(Collected data entries)
▬▬▬▬▬▬

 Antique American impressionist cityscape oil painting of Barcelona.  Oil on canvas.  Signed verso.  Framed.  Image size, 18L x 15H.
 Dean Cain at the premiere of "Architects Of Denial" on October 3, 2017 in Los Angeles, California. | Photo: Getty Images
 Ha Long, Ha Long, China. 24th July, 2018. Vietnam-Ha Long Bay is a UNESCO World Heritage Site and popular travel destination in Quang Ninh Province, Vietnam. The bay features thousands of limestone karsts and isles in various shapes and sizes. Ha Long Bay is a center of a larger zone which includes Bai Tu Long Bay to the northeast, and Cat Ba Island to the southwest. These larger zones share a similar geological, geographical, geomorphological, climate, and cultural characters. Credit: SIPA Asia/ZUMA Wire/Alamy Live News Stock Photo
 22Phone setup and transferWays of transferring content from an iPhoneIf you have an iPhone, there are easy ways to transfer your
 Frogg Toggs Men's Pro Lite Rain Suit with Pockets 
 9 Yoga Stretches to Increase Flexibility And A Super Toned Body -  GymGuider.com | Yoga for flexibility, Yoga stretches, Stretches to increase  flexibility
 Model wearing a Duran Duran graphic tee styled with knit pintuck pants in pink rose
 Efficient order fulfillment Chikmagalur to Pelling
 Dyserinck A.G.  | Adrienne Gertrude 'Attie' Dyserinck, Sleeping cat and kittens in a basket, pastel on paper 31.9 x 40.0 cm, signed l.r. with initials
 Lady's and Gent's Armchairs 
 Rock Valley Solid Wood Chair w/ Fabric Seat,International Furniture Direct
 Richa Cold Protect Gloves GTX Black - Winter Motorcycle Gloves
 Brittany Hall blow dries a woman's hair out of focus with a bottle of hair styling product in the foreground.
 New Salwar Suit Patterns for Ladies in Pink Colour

▬▬▬▬▬▬

— WHAT THE TASK ASKS —
Look above for the line holding "Dean Cain at" and the line holding "9 Yoga Stretches". Retype both, and every line between them, word for word and nothing else.

— SOLVED PROBLEM —
 Dean Cain at the premiere of "Architects Of Denial" on October 3, 2017 in Los Angeles, California. | Photo: Getty Images
 Ha Long, Ha Long, China. 24th July, 2018. Vietnam-Ha Long Bay is a UNESCO World Heritage Site and popular travel destination in Quang Ninh Province, Vietnam. The bay features thousands of limestone karsts and isles in various shapes and sizes. Ha Long Bay is a center of a larger zone which includes Bai Tu Long Bay to the northeast, and Cat Ba Island to the southwest. These larger zones share a similar geological, geographical, geomorphological, climate, and cultural characters. Credit: SIPA Asia/ZUMA Wire/Alamy Live News Stock Photo
 22Phone setup and transferWays of transferring content from an iPhoneIf you have an iPhone, there are easy ways to transfer your
 Frogg Toggs Men's Pro Lite Rain Suit with Pockets 
 9 Yoga Stretches to Increase Flexibility And A Super Toned Body -  GymGuider.com | Yoga for flexibility, Yoga stretches, Stretches to increase  flexibility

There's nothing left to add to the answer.